Third, multiclass disease classification has been explored: ref. [
25] trained a CNN, a multiclass SVM, and a pre-trained ResNet50 using spectrograms from their training dataset, which included deaf, asphyxia, normal, hunger, and pain cries. SVM and ResNet50 demonstrated better accuracy. To improve accuracy, an ensemble learning method was devised, integrating the predictions of both models. In [
26], 16 MFCC coefficients were extracted from each 50-millisecond frame in a self-recorded infant cry database. Principal Component Analysis (PCA) was applied to reduce dimensionality, and the processed vectors were used in a neuro-fuzzy system to classify deafness, asphyxia, and normal cries. In [
27], cry samples from the Baby Chillanto and Malaysian infant cry datasets were combined to extract a feature set of 568 attributes, including wavelet packet transform energies, non-linear entropies, LPCC-based cepstral features, and MFCCs. The Improved Binary Dragonfly Optimization algorithm was used to reduce the feature set to 204 attributes, which were then used to train an Extreme Learning Machine (ELM) kernel classifier to classify cries as deafness, asphyxia, or normal. In [
28], a multi-stage CNN was used with a combined feature set and prior knowledge to classify infant sounds. “Oah: sleepy” and “Neh: hungry” were distinguished in the first step and excluded from the waveform CNN. Next, the waveform CNN classified “Heh: discomfort”, “Eh: burping”, and “Eairh: belly pain” using waveform images. In the final step, only “Eh” and “Eairh” were classified using prosodic features, as “Heh” had already been accurately classified. In [
29], spectrogram features were extracted using a pre-trained CNN on ImageNet and combined with prosodic features such as HR and GFCCs to classify RDS, Sepsis, and Healthy cries. These fused features were then input into RF, SVM, and DNN models, with the deep learning model achieving the highest accuracy using the combination of spectrogram, HR, and GFCC features. In [
29], spectrogram features were extracted using a pre-trained CNN on the ImageNet and combined with prosodic features such as HR and GFCCs to classify RDS, Sepsis, and Healthy. These fused features were then input into RF, SVM, and DNN, with the deep learning model achieving the highest accuracy using the combination of spectrogram, HR, and GFCC features. Similarly, ref. [
30] used the dataset from [
29] to classify RDS, Sepsis, and Healthy cries by converting EXP samples into spectrograms. Transformer models were then used to process these visual representations, leveraging the attention mechanism to focus on key features in the spectrograms.

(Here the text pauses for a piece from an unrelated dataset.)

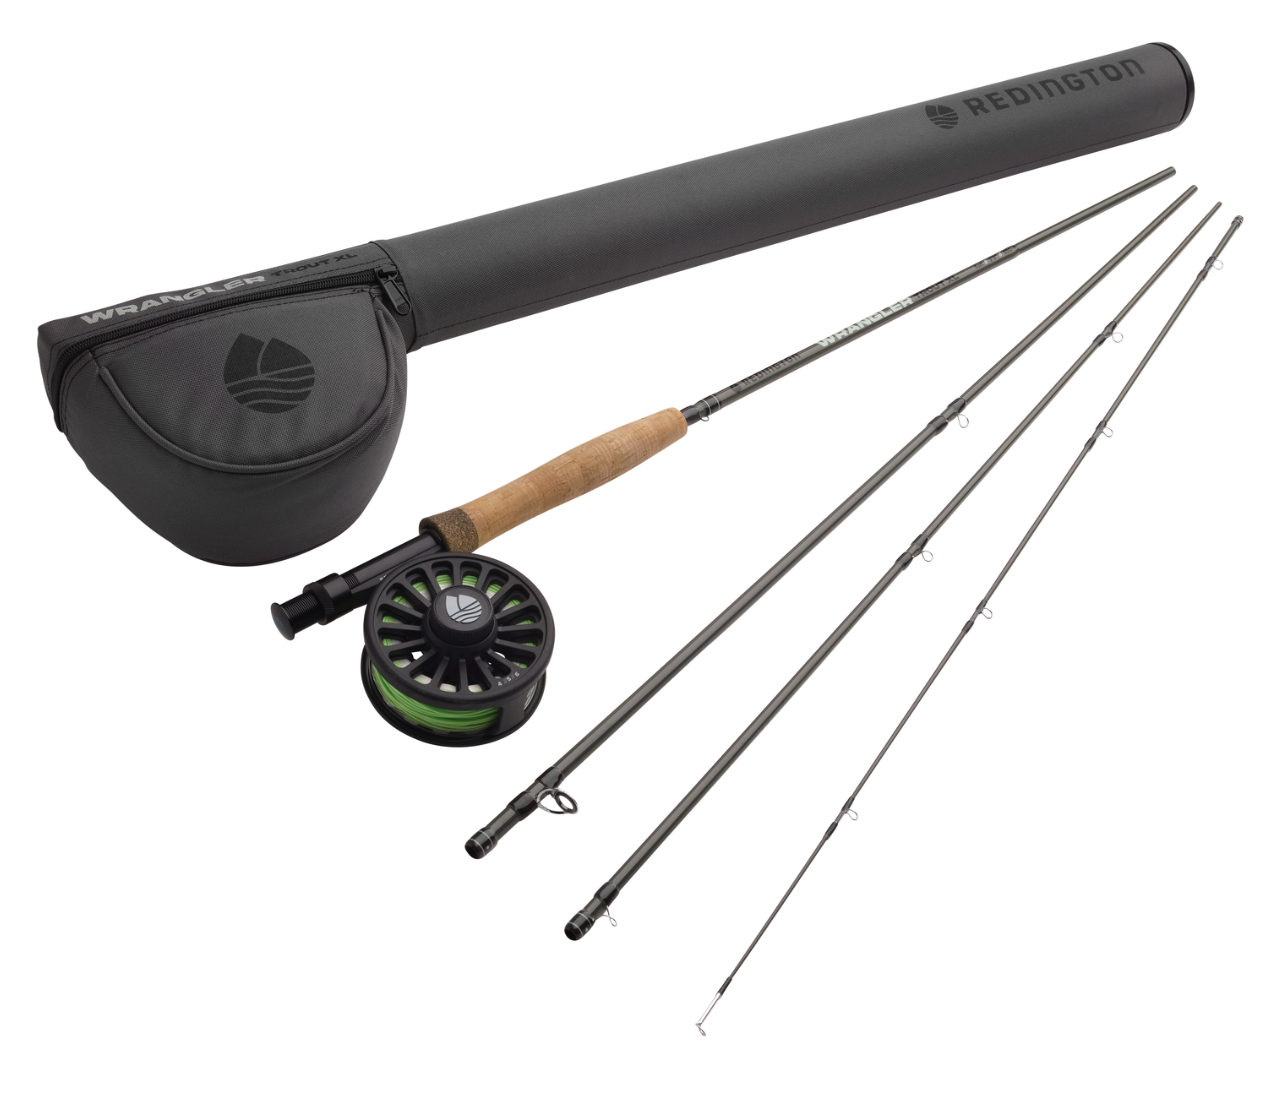 Redington Wrangler Trout XL Kit 690-4, Buy Trout Fly Fishing Kits, 6wt Fly  Rod Outfit, Best Trout Fly Rods Online
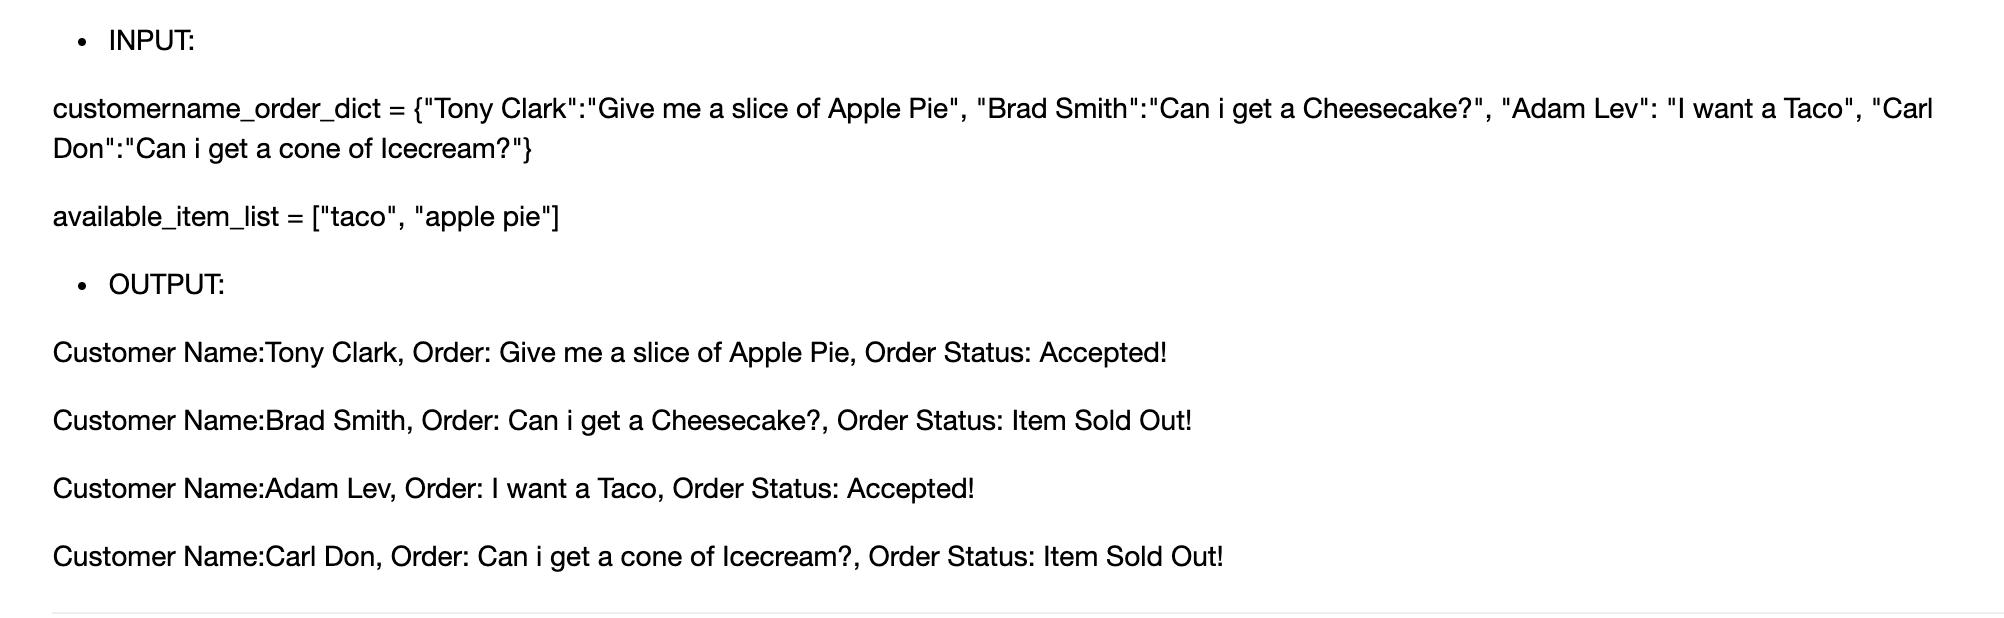 . INPUT: customername_order_dict = {Tony Clark:Give me a slice of Apple Pie, Brad Smith:Can i get a Cheesecake?, Ada

The literature reveals three significant gaps: a notable lack of studies exploring multiclass classification for pathological cry signals, particularly for diseases with high mortality rates. While some multiclass classification studies do exist [
29,
30], they often rely on small subsets of data, which provide promising insights but still require larger, more comprehensive datasets to improve generalization and effectiveness. Additionally, the absence of audio feature sets capable of capturing the intricate patterns and properties of various diseases further limits multiclass classification. This limitation leads many methods to rely on manually engineered features, focusing on binary scenarios or applying feature fusion techniques in multiclass tasks. Lastly, research tends to focus on a narrow range of pathological conditions, overlooking the broader diversity of diseases that could be detected through infant cries in both full-term and pre-term infants, thereby limiting the diagnostic potential.
This paper presents one development and one key contribution. The development is twofold: (1) we have expanded the cry audio samples by approximately 2.5 times, representing a significant increase compared to earlier works in our lab [
8,
9,
13,
14,
15,
29,
30], thereby strengthening the robustness of our findings, and (2) we have addressed the issue of biased data in prior studies. Although previous research in our lab used equal samples for each class, the distribution of newborns across classes was uneven. For the first time, we have included cry signals from 17 newborns in each class—RDS, Healthy, and Sepsis—ensuring a more balanced and unbiased dataset.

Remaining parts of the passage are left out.